● ASSIGNED TASK: Whatever lies between the line with "To kill a mockingbird" and the end of the data, both included, must be copied exactly and without pictures.

● DATA EXCERPT:
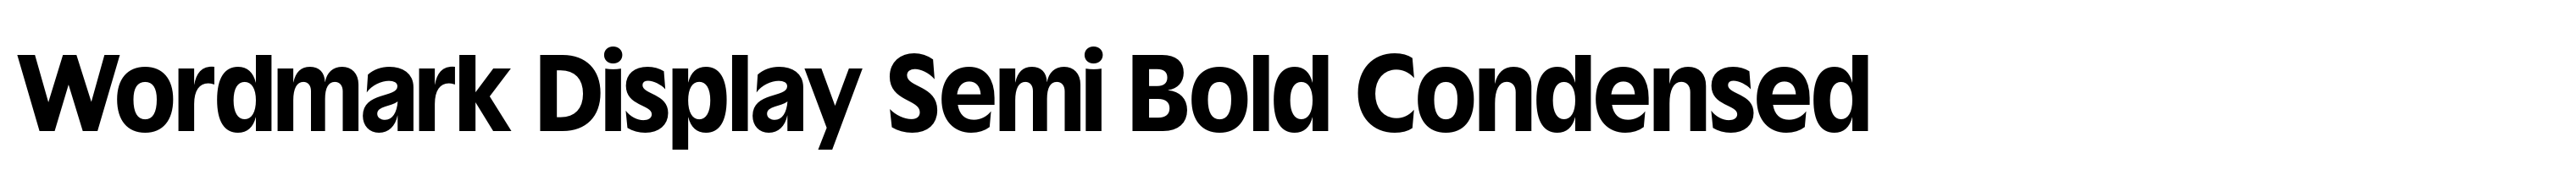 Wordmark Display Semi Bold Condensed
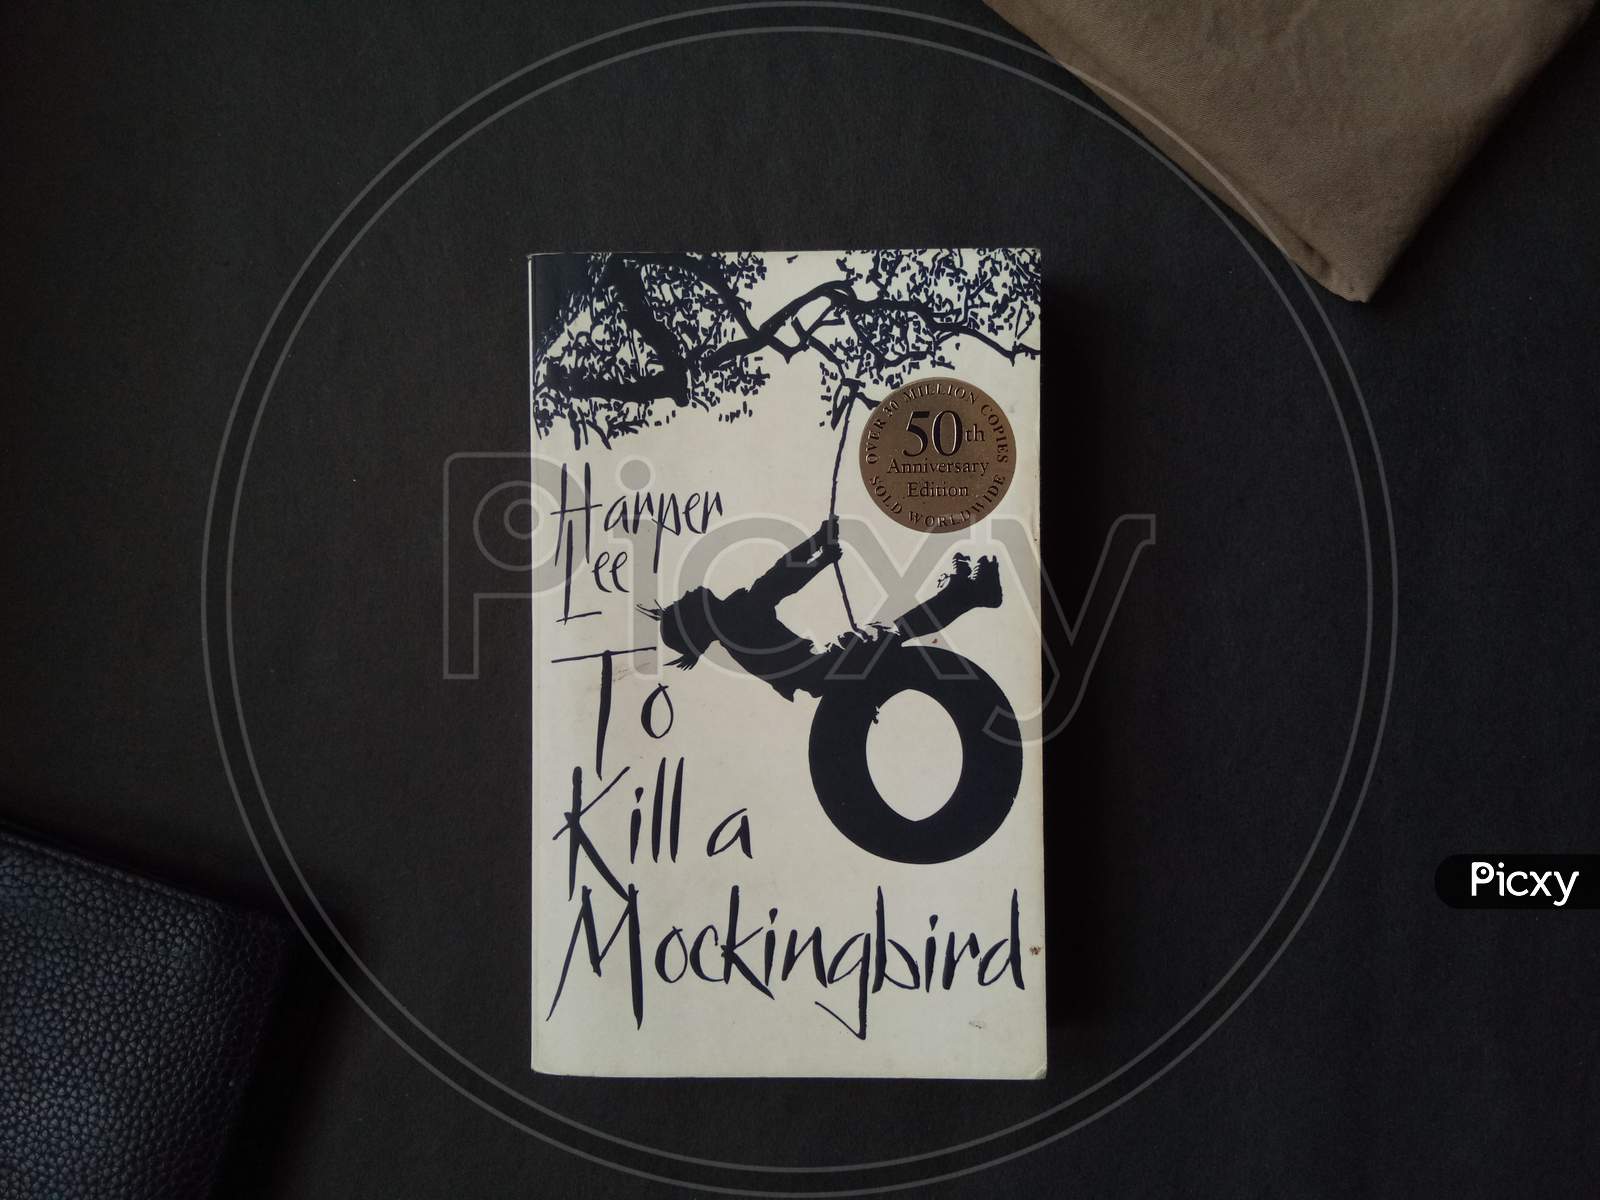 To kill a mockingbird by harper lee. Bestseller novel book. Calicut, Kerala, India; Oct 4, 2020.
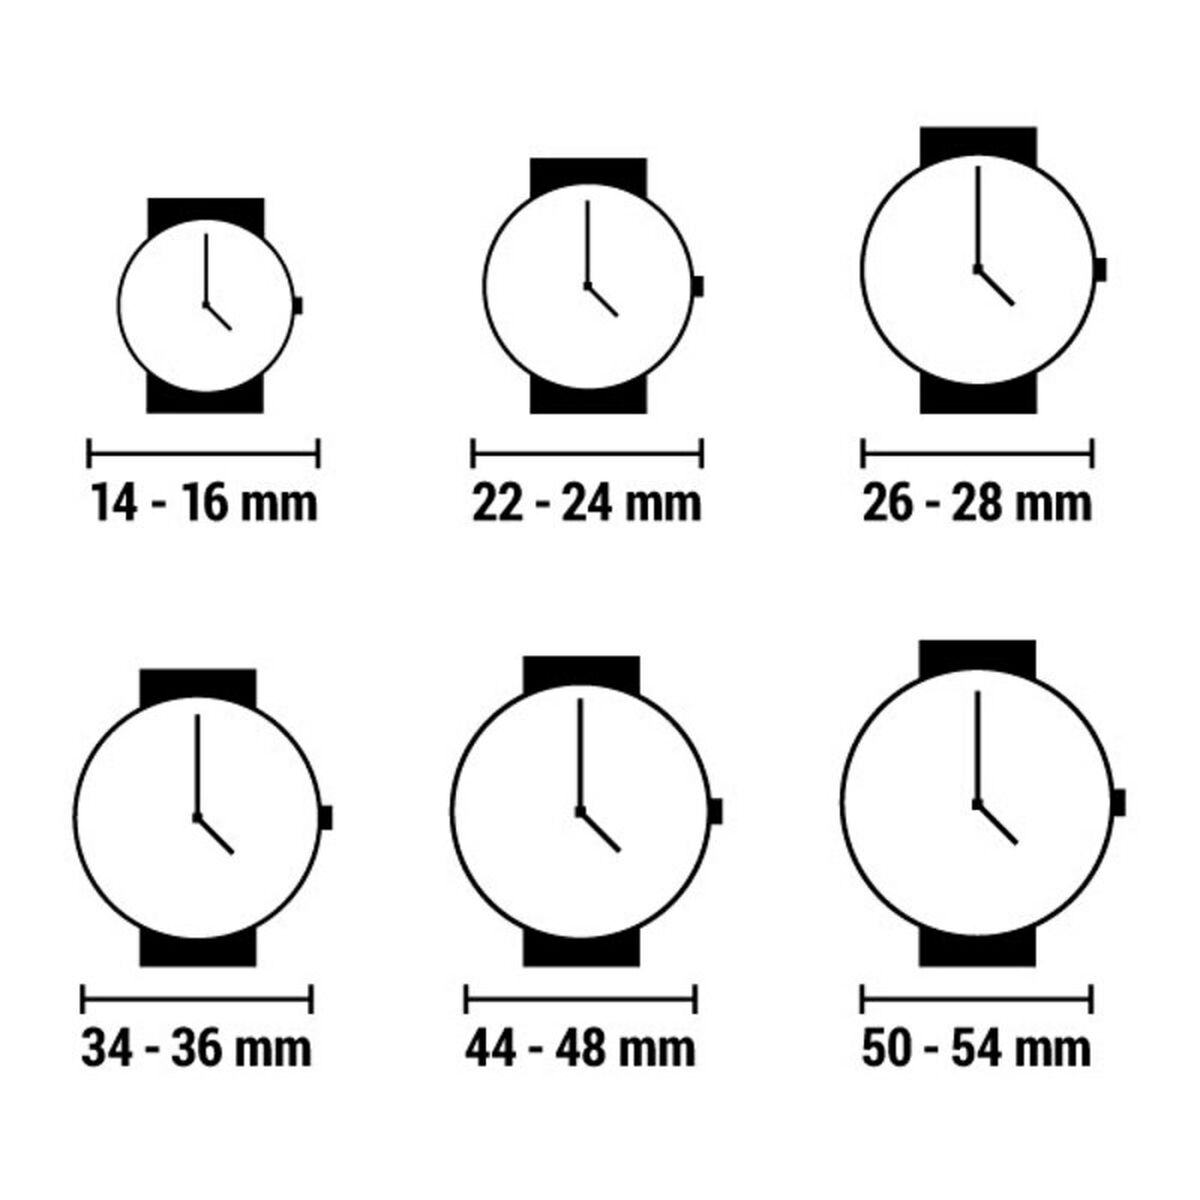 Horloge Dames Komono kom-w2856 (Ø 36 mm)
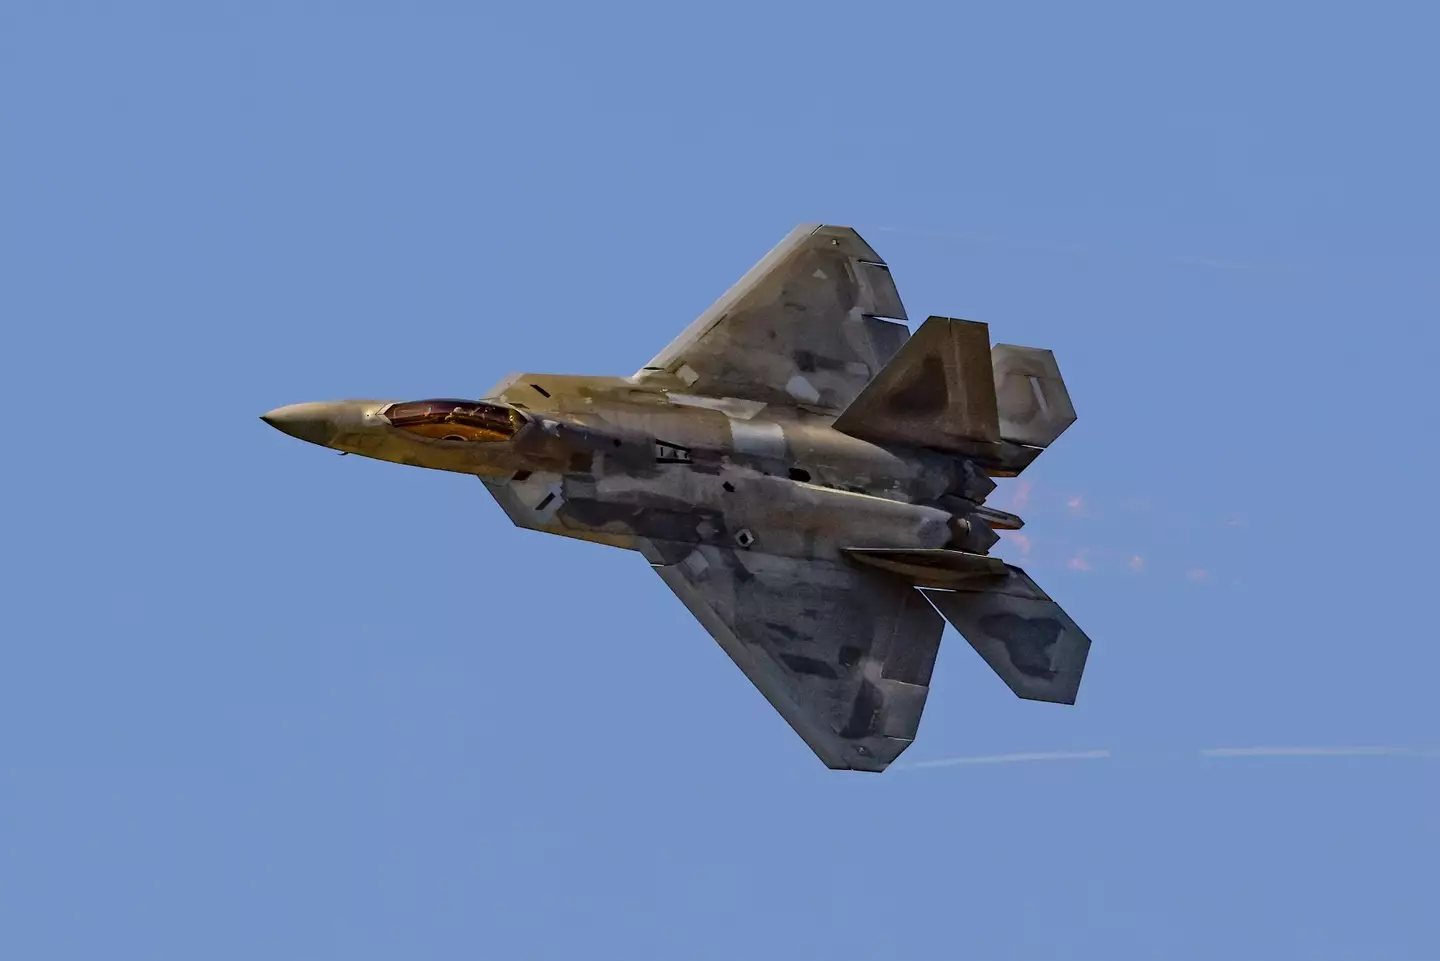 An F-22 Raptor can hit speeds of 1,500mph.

● RESULT FOR THIS TASK:
 To kill a mockingbird by harper lee. Bestseller novel book. Calicut, Kerala, India; Oct 4, 2020.
 Horloge Dames Komono kom-w2856 (Ø 36 mm)
 An F-22 Raptor can hit speeds of 1,500mph.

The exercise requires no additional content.